Collected material -
-*-*-
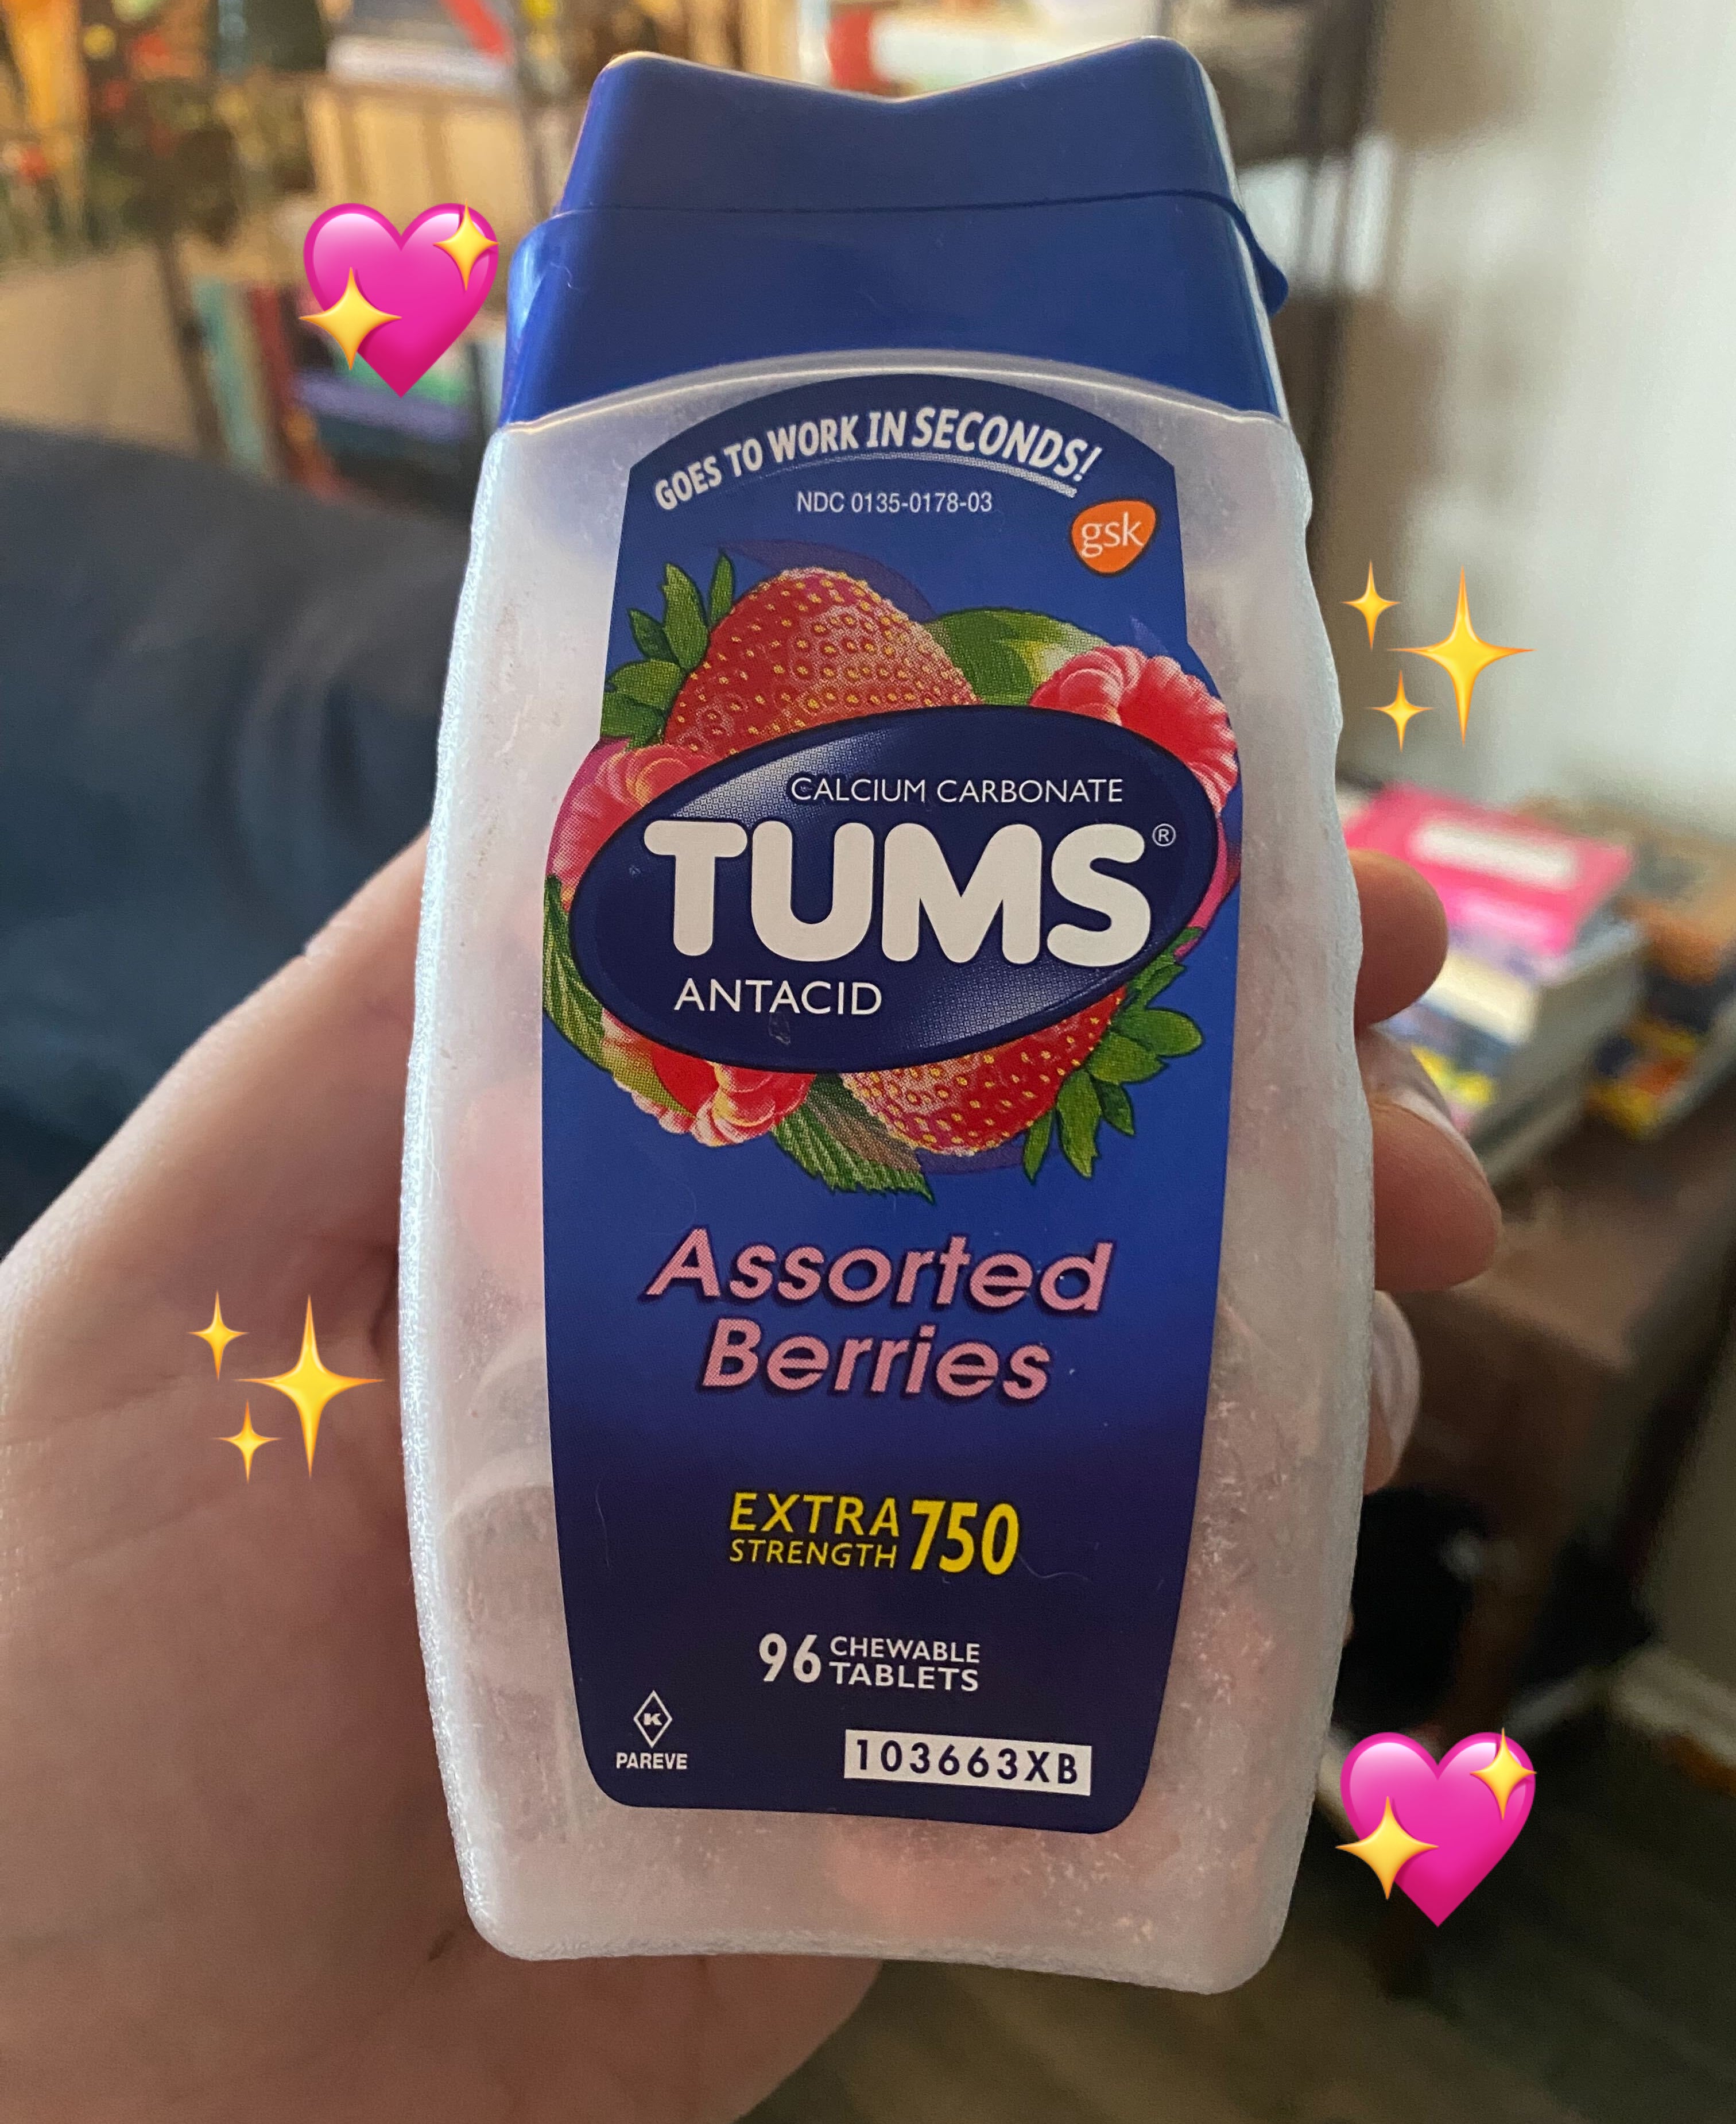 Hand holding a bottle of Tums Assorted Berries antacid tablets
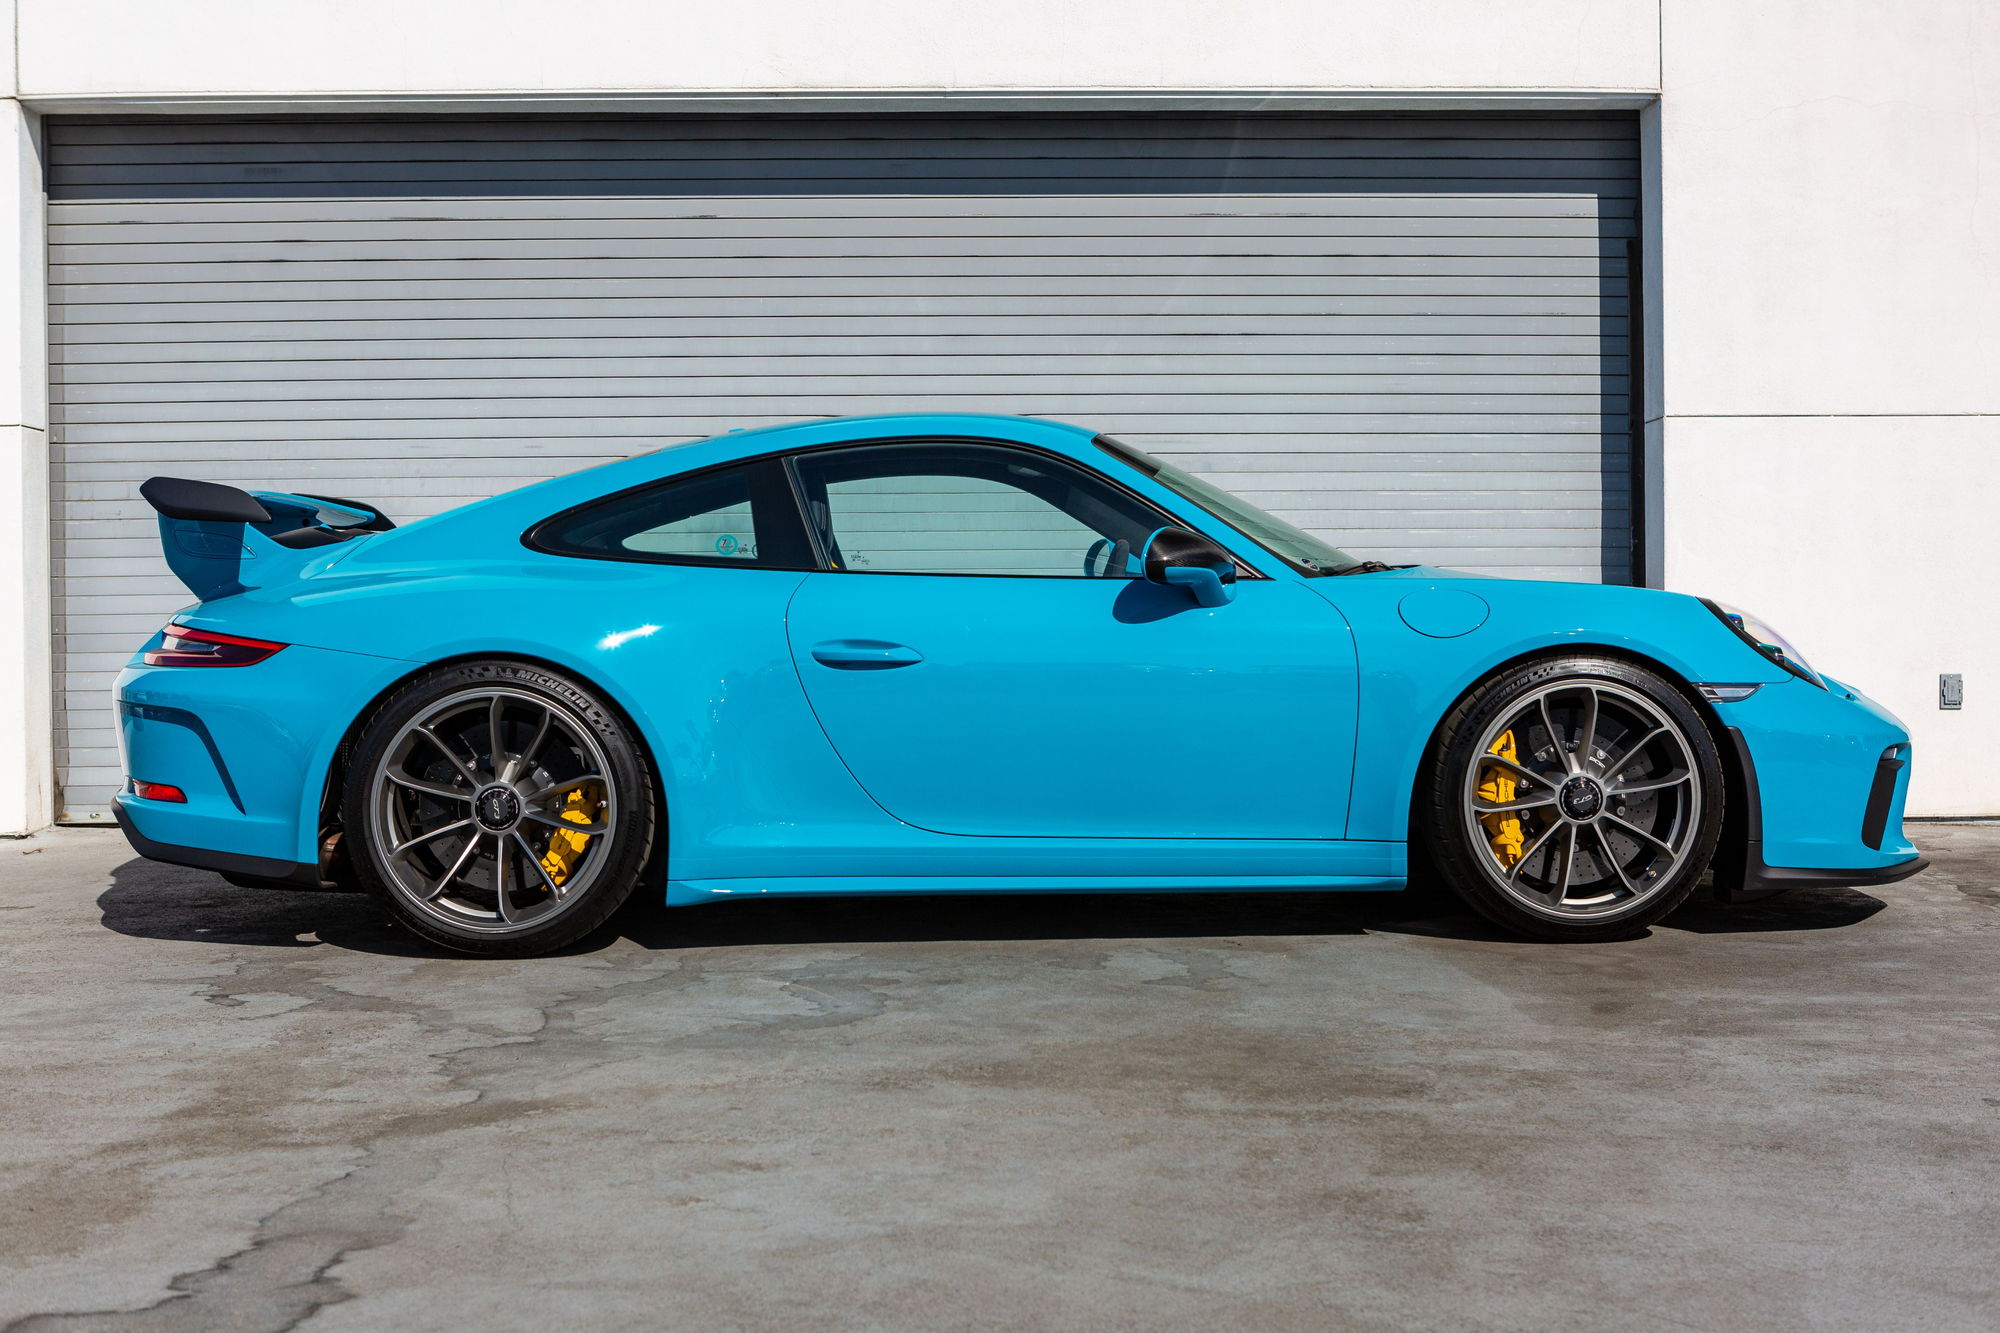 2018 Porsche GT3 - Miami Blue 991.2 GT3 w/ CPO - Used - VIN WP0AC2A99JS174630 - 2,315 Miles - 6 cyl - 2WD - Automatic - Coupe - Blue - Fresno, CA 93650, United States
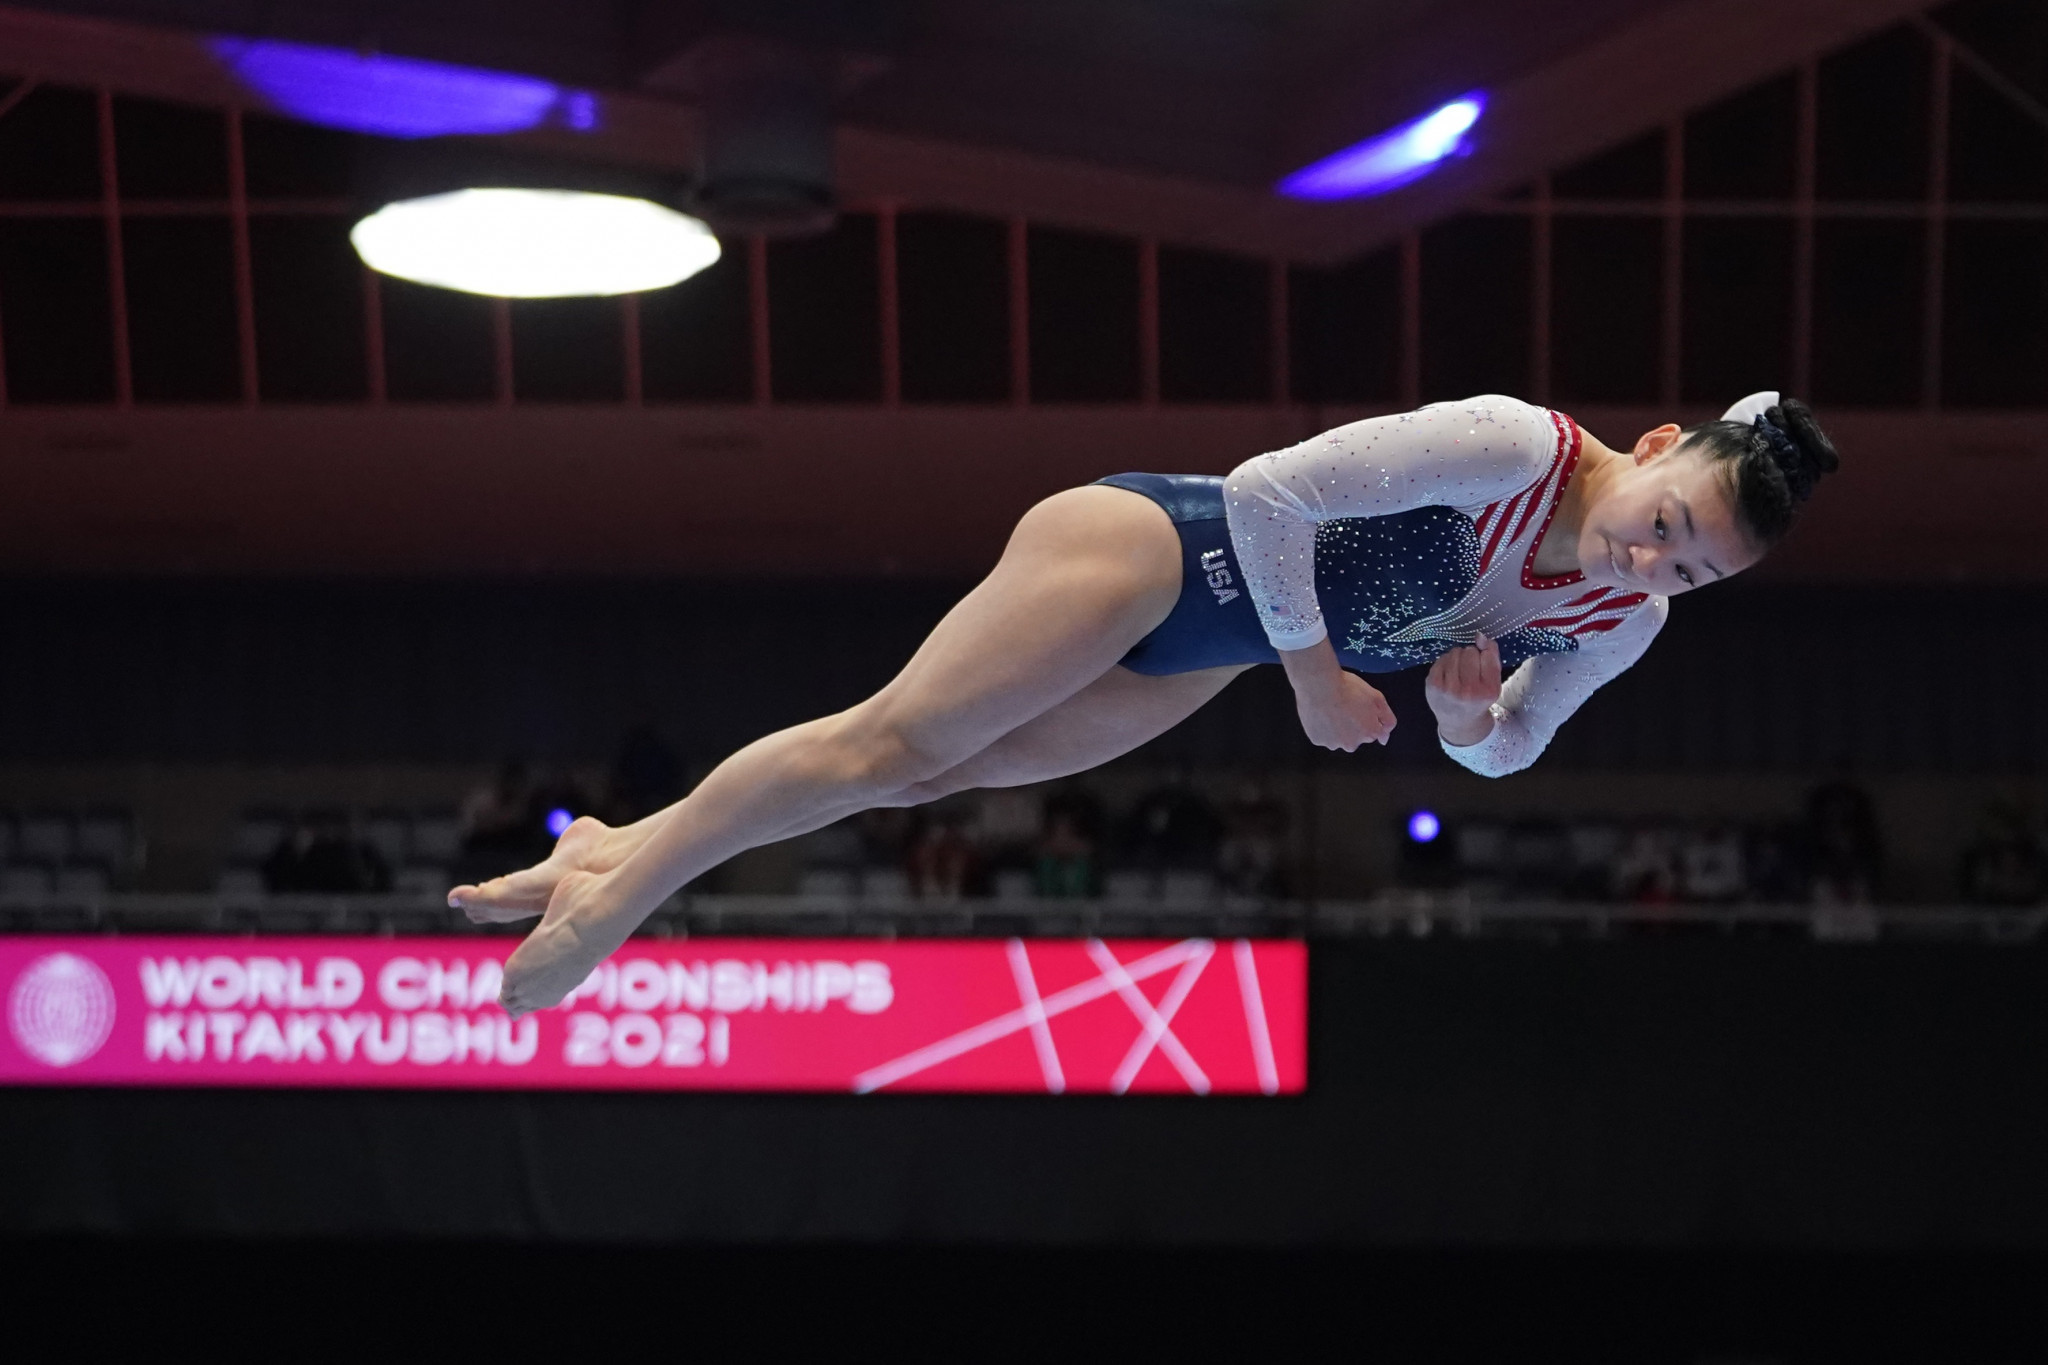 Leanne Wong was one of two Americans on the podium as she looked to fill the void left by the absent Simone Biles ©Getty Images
-*-*-
What the exercise asks - Produce the data again character for character, with the images left out.

Task answer -
 Hand holding a bottle of Tums Assorted Berries antacid tablets
 2018 Porsche GT3 - Miami Blue 991.2 GT3 w/ CPO - Used - VIN WP0AC2A99JS174630 - 2,315 Miles - 6 cyl - 2WD - Automatic - Coupe - Blue - Fresno, CA 93650, United States
 Leanne Wong was one of two Americans on the podium as she looked to fill the void left by the absent Simone Biles ©Getty Images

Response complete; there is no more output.